# yellowstone in May



## C Nash (Mar 4, 2004)

Is May to early to go to Yellowstone? Are the roads ok in through the Tetons and south entrance of Yellowstone in a 33 ft V10 Ford MH towing a 4 door tracker? Would like to go out the West or North entrance and up to Glaicer park on the way to Alaska. Planning on driving the Dalton in Alaska in the tracker.  Any info or tips welcome.


----------



## KABM (Mar 11, 2004)

yellowstone in May

Check out the Yellowstone web site, it should have all the info you need.

http://www.nps.gov/yell/planvisit/index.htm


----------



## KABM (Mar 11, 2004)

yellowstone in May

Check out the Yellowstone web site, it should have all the info you need.

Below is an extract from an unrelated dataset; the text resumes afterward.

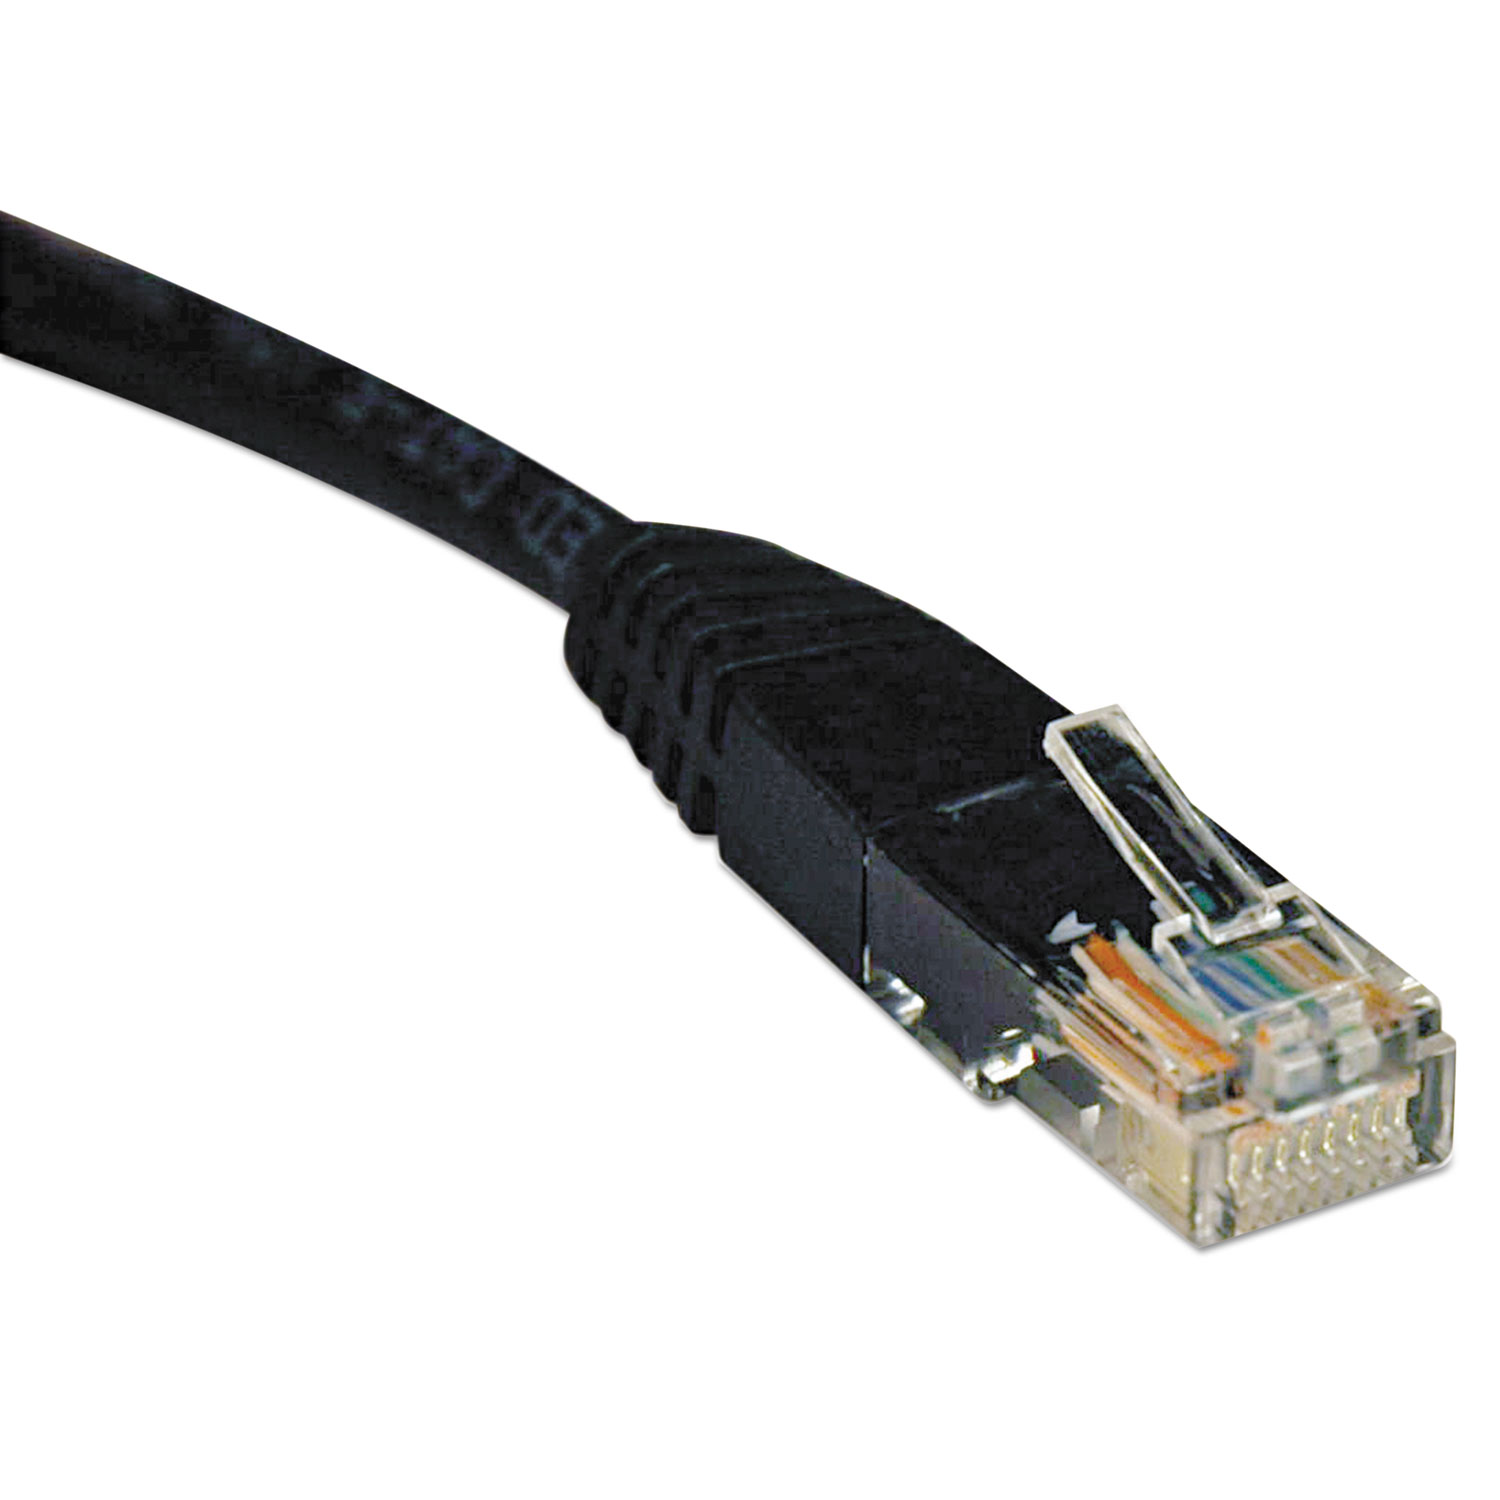  Tripp Lite N002-014-BK Cat5e 350MHz Molded Patch Cable, RJ45 (M/M), 14 ft., Black (TRPN002014BK) 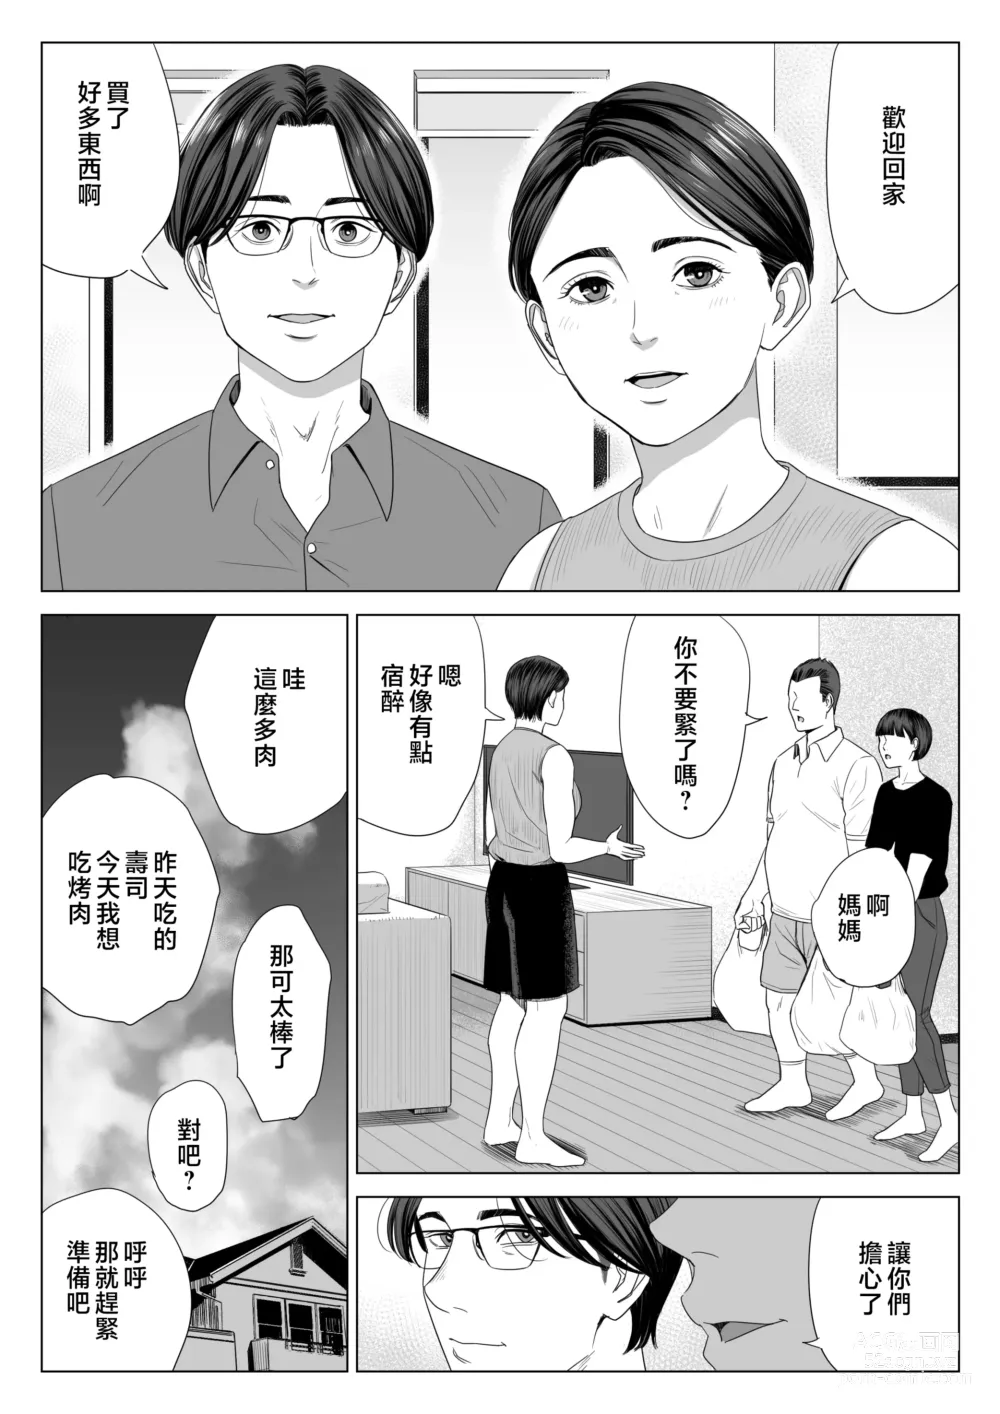 Page 55 of doujinshi Gibo no Tsukaeru Karada.

http://www.nps.gov/yell/planvisit/index.htm


----------



## C Nash (Mar 11, 2004)

yellowstone in May

Thanks KABM lots of good information.  Weather has really been great here in Alabama and has us really wanting to hit the rv road.


----------



## KABM (Mar 12, 2004)

yellowstone in May

You're welcome, as you can see I'm pretty new to posting replies.  The weather here in Idaho is still pretty chilly, but most of the snow is gone - finally!!  Hope you have a good and SAFE trip.


----------



## C Nash (Mar 12, 2004)

yellowstone in May

KABM, keep the post coming.  Have you ever entered yellowstone from the west entrance.  We may just go up through idaho and in the west entrance.  I want to see the Tetons so we might wait untill returning from Alaska in July for Yellowstone and Tetons but, wanted to go there before the crowded season.    Weather will probably be the deciding factor. Any campgrounds that you recomend?


----------



## KABM (Mar 13, 2004)

yellowstone in May

We have never camped in Yellowstone, so can't really recommend a particular campground.  They are all pretty nice, but keep in mind that after the kids get out of school, they will fill up quickly, so you will want to plan your site seeing in the parks so you end up at a campground fairly early in the afternoon.  You can always set up camp and then do more site seeing in the tracker.  The weather in May is pretty unpredictable, we had 14 inches of snow last April, of course it didn't stick around too long.  May is usually pretty nice, but cools off in the evenings.


----------



## ronf (Mar 19, 2004)

yellowstone in May

Just stumbled on your note, Chelse. I've been there four times. I  tend to be a camper, i.e., I prefer high, rough campgrounds with few amenities and I dry camp a lot so I may not be the best source for you. But I can give you a little info, I would follow up and confirm it. I believe the only campgrounds with full hookups are Fishing Bridge in Yellowstone and Colter Bay in Teton. It's very likely you will need reservations in either park. Colter Village CG is small with a lot of trees and it had a lot of big rigs in it. Some of the nicest CG's in Yellowstone are in the northeast part of the park. About the only place you may see bear are near Tower or W. Yellowstone. Union Creek is mostly tent, I think. I liked Gros Ventre in Teton, but I don't think it has hookups and Signal Mountain isn't suitable for big rigs. I don't think you will have any trouble from any direction except don't even think about taking that rig over Teton pass on the west side. My rule of thumb is always carry winter gear when traveling the high country and it's paid off. I've been snowed on in both Yellowstone and Crater Lake in July. Sounds like a great trip, enjoy.


----------



## C Nash (Mar 19, 2004)

yellowstone in May

Thanks Ron And KABM,
None of my plans are set in concrete as that is the way I generally plan my trips but, it is Alaska as the final distination or bust. Well, guess the final destination is back home but, don't even want to think about that now. Will probably go to Denver, always wanted to see the mile high city,on up through the Tetons and out the west side of yellowstone and on to Glaicer park. Plan on driving the Dalton all the way in the Tracker but, all the way could change.  500 miles of gravel road is a pretty good drive. Even want to try the Dempster in Canada if the gas allotment is holding up on the way back. Dang OPEC :angry:


----------